This is a long read; it’s the equivalent of about 10 pages in a book.
(L to R) Me, April 2015; me, now
Me, before becoming a parent (BP): Hey!
Me, now (ME): Hey!
BP: You look… good!
ME: (rolls eyes) Ha. It’s okay, you can say it.
BP: No, I mean — compared to — you have a kid —
ME: I want us to be honest with each other.
BP: (Pause, deep breath) Okay. You look good, but tired. Really tired.
ME: I am tired. And I look tired. And fat, unshowered, and my skin is bad. And this is a cuter outfit than I’m usually wearing.
BP: Um. Um, yeah, maybe, but you look better than a lot of moms! You also look… older. More than I expected.
ME: Yeah. Same here. I mean it surprises me too.
ME: So. I have, like, an hour before I have to get back to Owl with the sitter. I know you want to be kind, but I don’t have time for anything except honesty. Everything you’re thinking, I’ve already thought. I can handle it. We need this talk.
BP: Right. (Takes a deep breath, nods) Right.
(BP stares at ME, eyes traveling all around ME’s face and body.)
ME: (sighs) Look, why don’t you just ask me why I’m fat.
(BP recoils reflexively, looking horrified.)
ME: I know you’re thinking it.
BP: Fine, fine. Why are you… I mean you’re not that fat. (Her eyes go involuntarily to ME’s midsection.) But, like, I saw you when you were pregnant. You were one of those seriously glowing beautiful pregnant ladies. And you barely gained any weight. How did— (gestures at ME)
ME: Yeah, I don’t love it. I always think I look pretty decent until I see pics of my whole body and am like, oh my god, that is a post-baby belly for sure. I looked so fucking good before I gave birth. It wasn’t anything I did, though. Every pregnancy is different, they say, and in my case I just didn’t feel like I could eat that much. I wanted to, but I felt sick every time I ate a normal serving of anything. So I didn’t, and whatever I ate just went straight to Owl. I lost weight everywhere else on my body. I mean, you look at my photos; my face is skinnier, my arms are skinnier, I’m actually slimmer everywhere except for the belly.

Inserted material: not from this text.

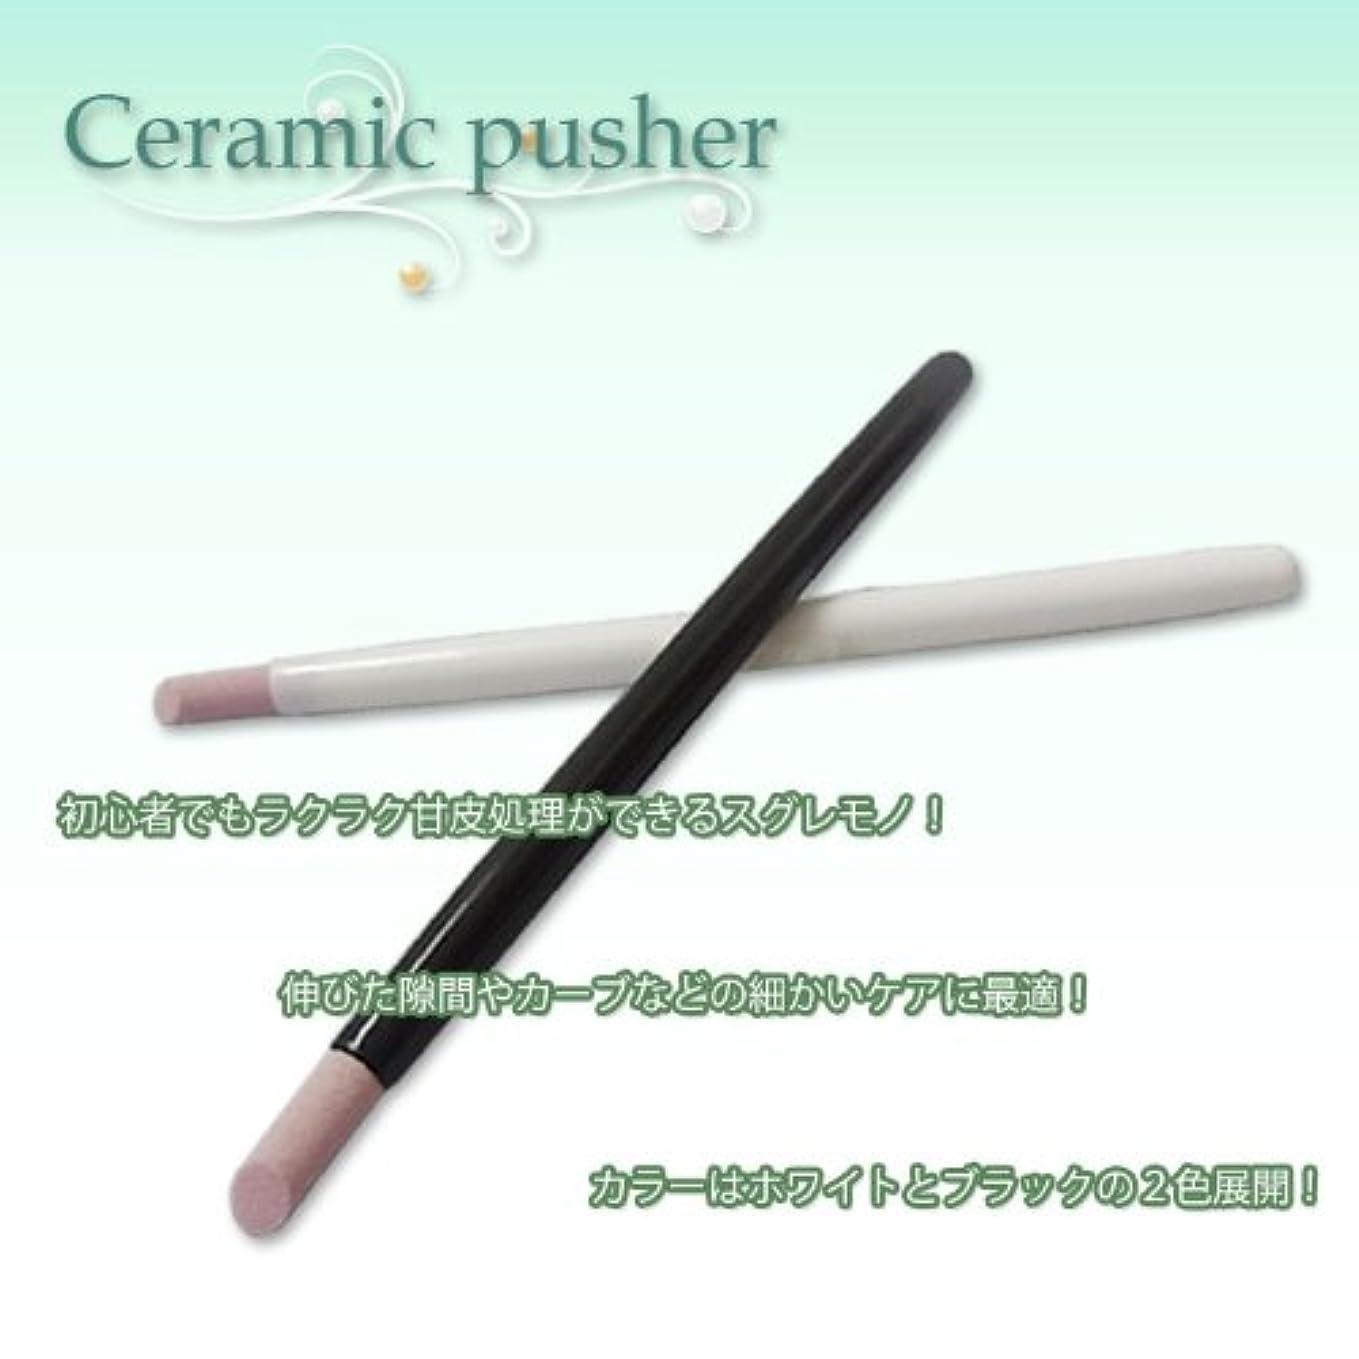 認証崩壊安定【ジェルネイル】セラミックプッシャー〈 簡単便利なペンタイプ 〉全長140mm (ホワイト)
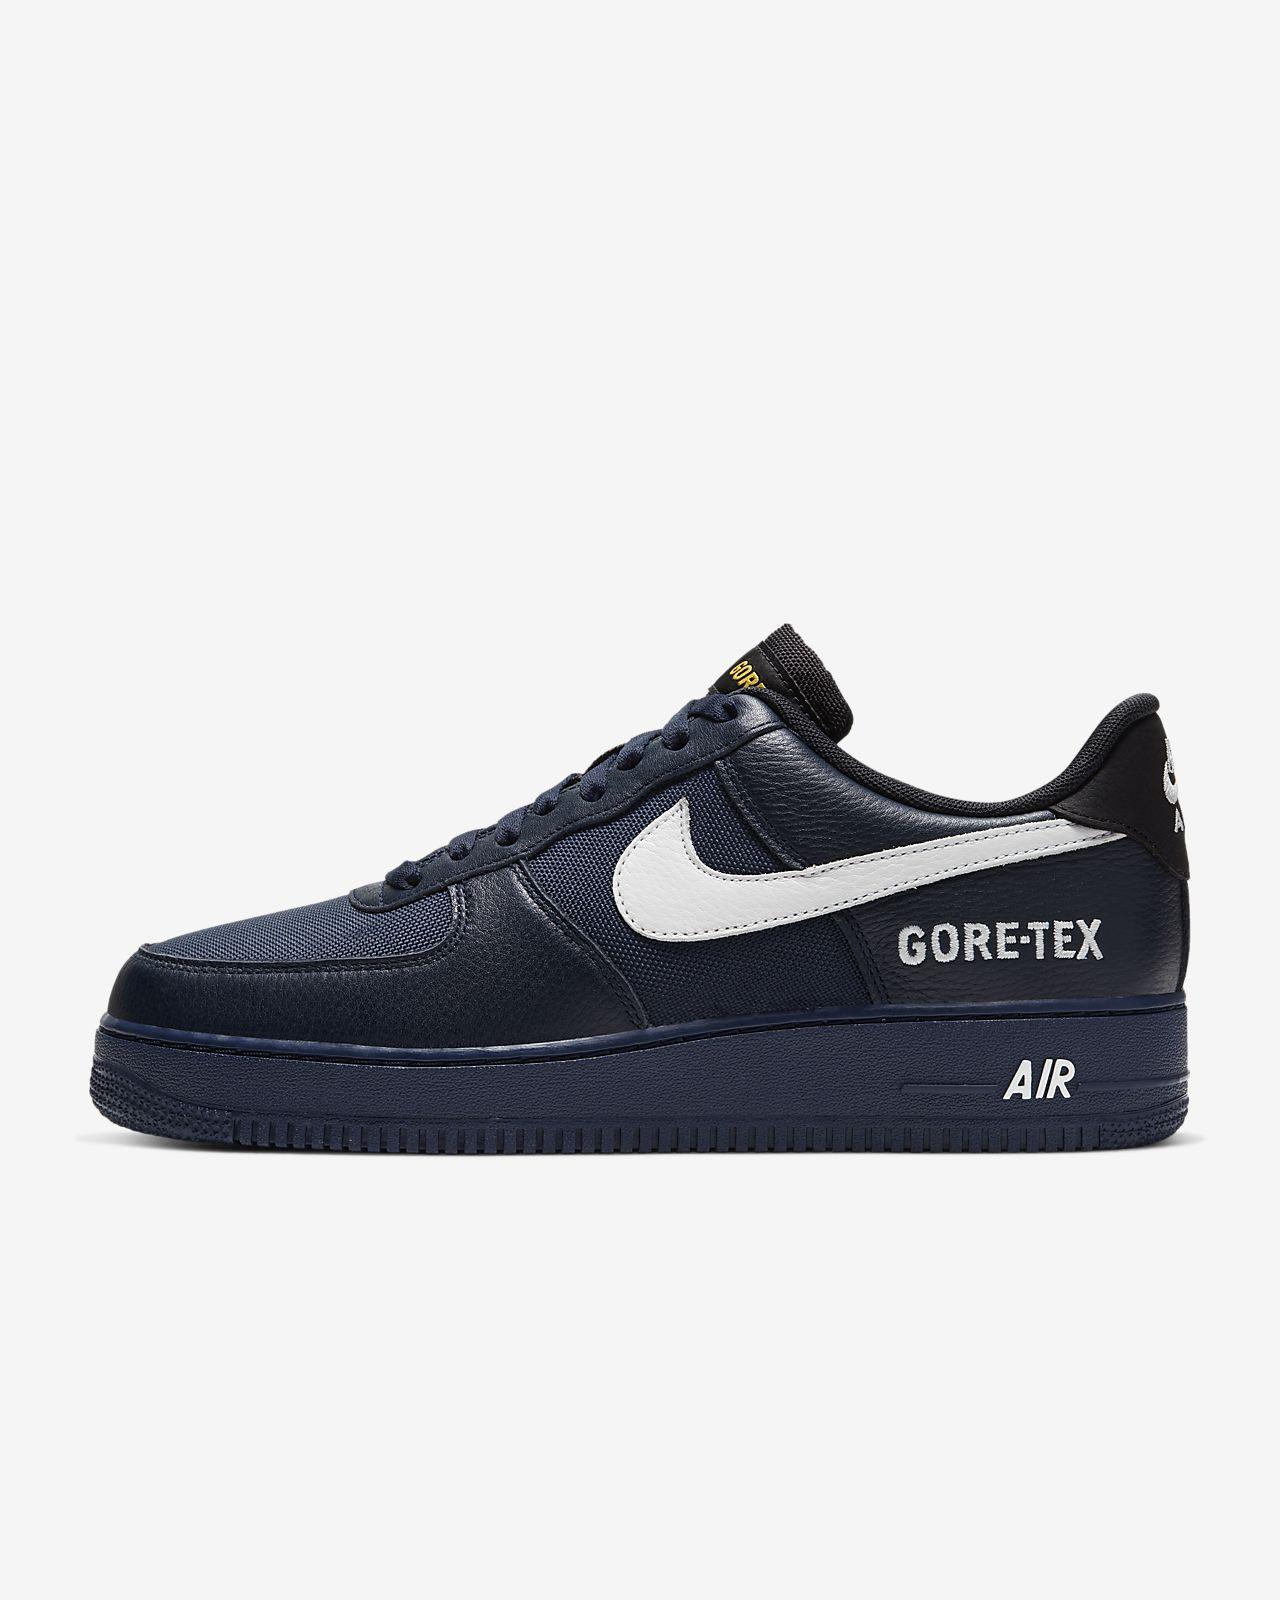 Calzado Nike Air Force 1 GORE-TEX

BP: So you gained weight after she was born.
ME: Yeah. First it was because I was so excited to eat again, and to eat all the things I wasn’t supposed to eat while pregnant: sushi, deli meat, raw cheese, all that stuff. But also, I was nursing, and that makes you SO hungry. Have you seen the pics of my breakfasts during the newborn stage? I ate like a teenage boy. And the nurse told me to. “You need calories,” she said. “Drink milkshakes.” Plus I was up at all these weird hours and you know how sleep deprivation makes you hungrier.
BP: Yeah. (Looks dubious) But didn’t that get better after a while?
ME: The terrible newborn sleep schedule did, but by then I was already in a ton of sleep debt that I haven’t been able to make up at all. The four month sleep regression hit — she had been sleeping through the night until then — and then the ninth, and some of those nights I was sleeping even less than I had when she was a newborn. There was one night when she woke every hour. That messes you up. After awhile my ridiculous hunger started to taper off, but by that time I had pretty much lost the ability or interest in eating according to my hunger cues. My schedule was based on Owl’s needs, so I couldn’t always eat when I wanted to, and meanwhile food was such a reliably and quickly good thing that a lot of the time I just ate because it felt nice.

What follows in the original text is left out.